In the context of Rio's summary judgment briefing challenging Health Integrity's sampling and extrapolation methodology, Rio includes an argument that is apparently based on the claim relating to Beneficiary-32. (Docket No. 34, at 16.) Rio contends: "Defendant and its contractors, in reversing their decisions in denying one of the 41 claims audited, failed to recalculate the extrapolation to permit correction of the sampling errors." (Id.) Rio's argument appears to be based on the premise that there was "one claim found favorable at the ALJ hearing." (Id. at 7; citing R. 62.) This is clearly wrong. The ALJ found that Maximus had properly dismissed Rio's claim relating to Beneficiary-32 due to lack of evidence. (R. 58-59; see also supra n.12.) The ALJ stated that the overpayment amount Rio owed on the individual coverage claims included the "unfavorable and dismissed claims in Table A." (R. 62; emphasis added.) Table A identifies Beneficiary-32 as a "DISMISSED" claim. (R. 61.) Rio did not prevail on any of the 35 individual claims that were denied, and its argument based on a contrary assumption is meritless.
In considering whether the remaining claims for home health services were covered by Medicare, the ALJ summarized the testimony of Ms. Pantoja on behalf of Rio at the evidentiary hearing. (R. 58.) The ALJ concluded as follows:
Beneficiary 1-31 and 33-35: I am not persuaded by the [Rio's] argument. To qualify for Medicare coverage of home health services a beneficiary must be homebound. The record shows the beneficiaries are up as tolerated and able to complete ADLs [activities of daily living] with supervision to minimal assistance. The record does not demonstrate the beneficiaries are homebound. In addition, skilled nursing services must be needed when there are significant changes in a patient's condition, medication, or treatment plan and for services that require the skills of a nurse. During the dates of service (DOS) at issue, a nurse assessed the beneficiaries' safety, provided education, monitored compliance with medication regiments, and supervised a home health aide. The record shows the beneficiaries received general nursing, education and medical monitoring services, and there were no significant changes in their conditions, medications, or plans of care (POC). The record does not demonstrate the beneficiaries needed skilled nursing services required to qualify for Medicare home health services. Furthermore, the record shows the beneficiaries did not receive skilled nursing services on an intermittent basis but received the services for periods far exceeding the expected 2-3 week period and for chronic, ongoing conditions (FOF 2-94, 97-105). I therefore find the home health services provided to Beneficiary 1-31 and 33-35 are not covered by Medicare and enter unfavorable (UNFAV) decisions for [Rio] on these claims.(R. 58.) The ALJ further found that, as "a Medicare provider, Appellant [Rio] knew or should have known the services are not covered." (R. 62.)

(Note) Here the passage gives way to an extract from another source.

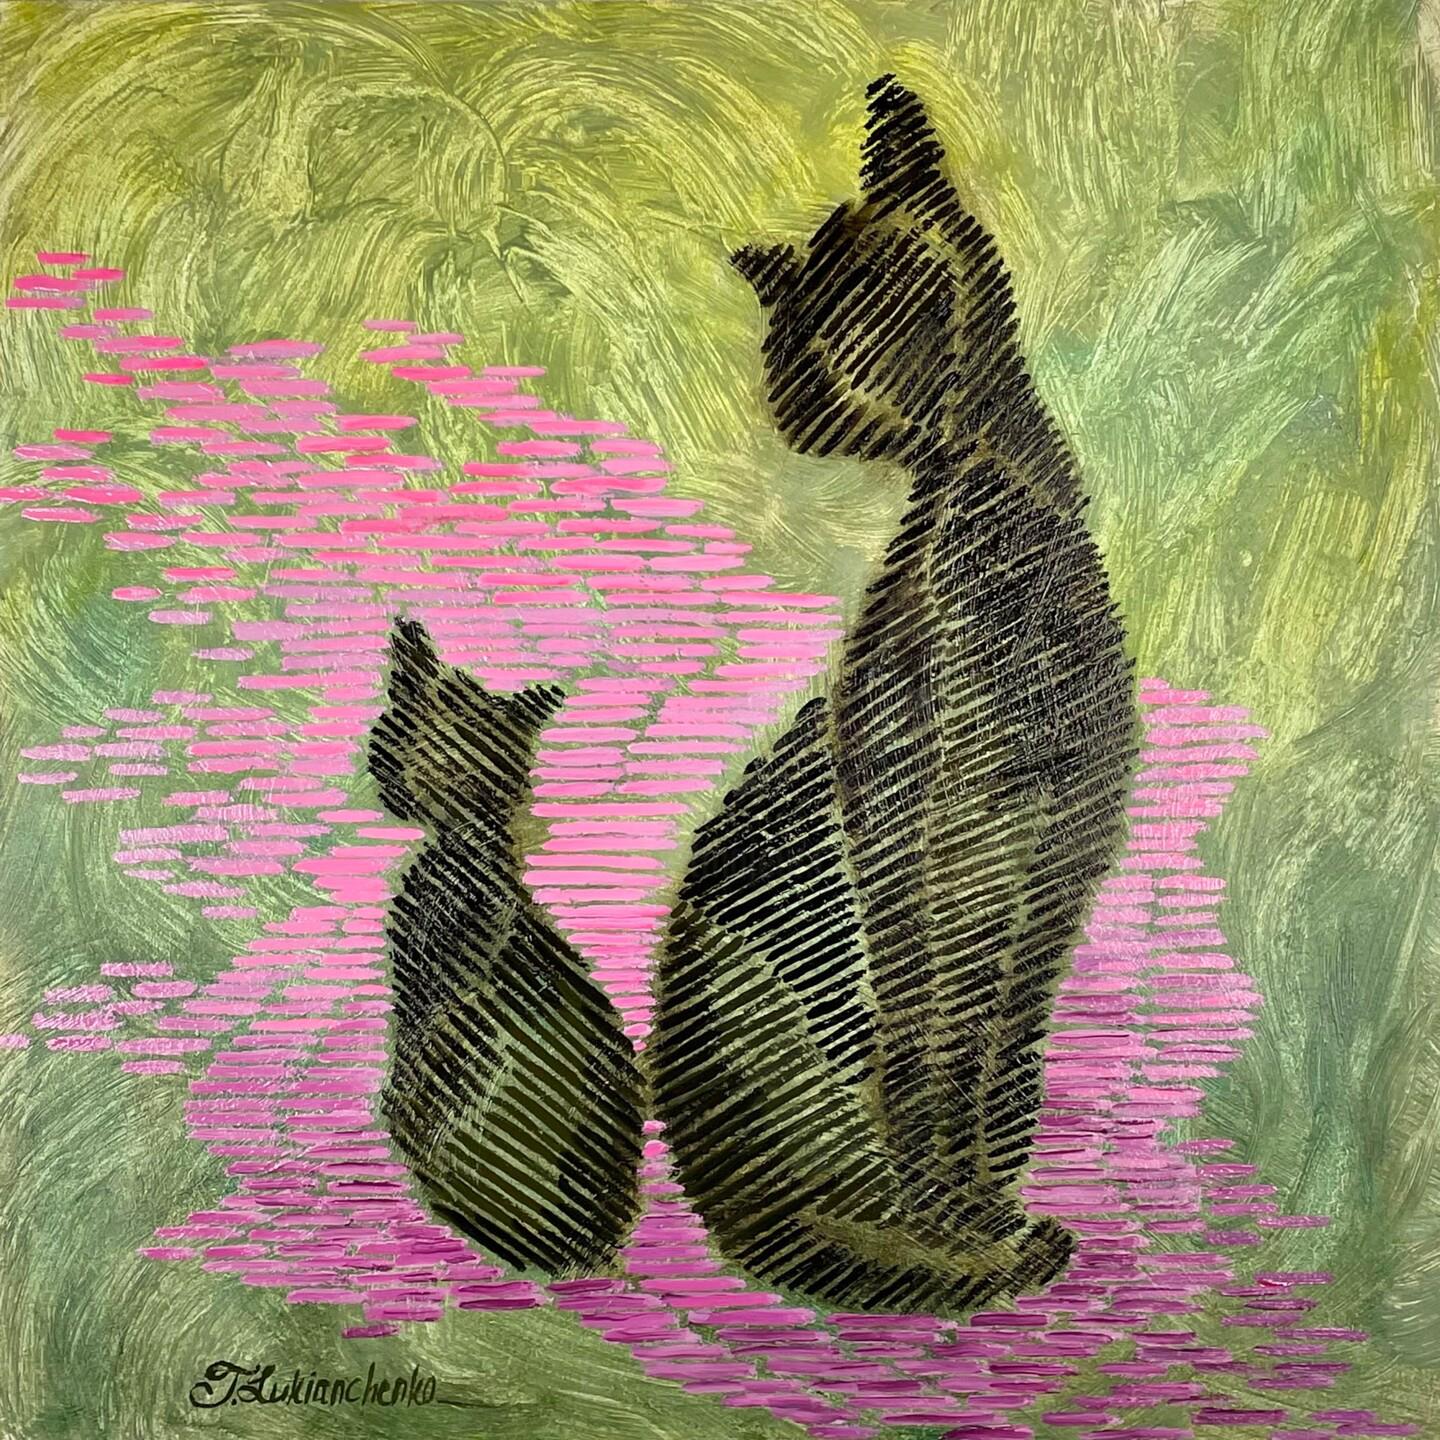 Unknown Abstract Painting - Black Cats, Oil Painting by Tetiana Lukianchenko, 2022

In addressing whether valid statistical sampling was used to extrapolate the overpayment amount, the ALJ summarized the testimony and other evidence from Rio's expert, Dr. Haller. (R. 60.) The ALJ specifically referenced the following reasons given by Dr. Haller to show that the statistical sampling was invalid:
• the ZPIC (Health Integrity) used "incorrect formulas" for estimation and extrapolation;(Id.)
• the "universe is corrupt because the frame of claims could not be recreated from the universe of claims";
• Health Integrity "used a biased sample and did not provide the random numbers used to draw the sample from the frame of claims"; and
• Health Integrity "did not provide the curriculum vitae (CV) of the statistician who designed the sampling plan."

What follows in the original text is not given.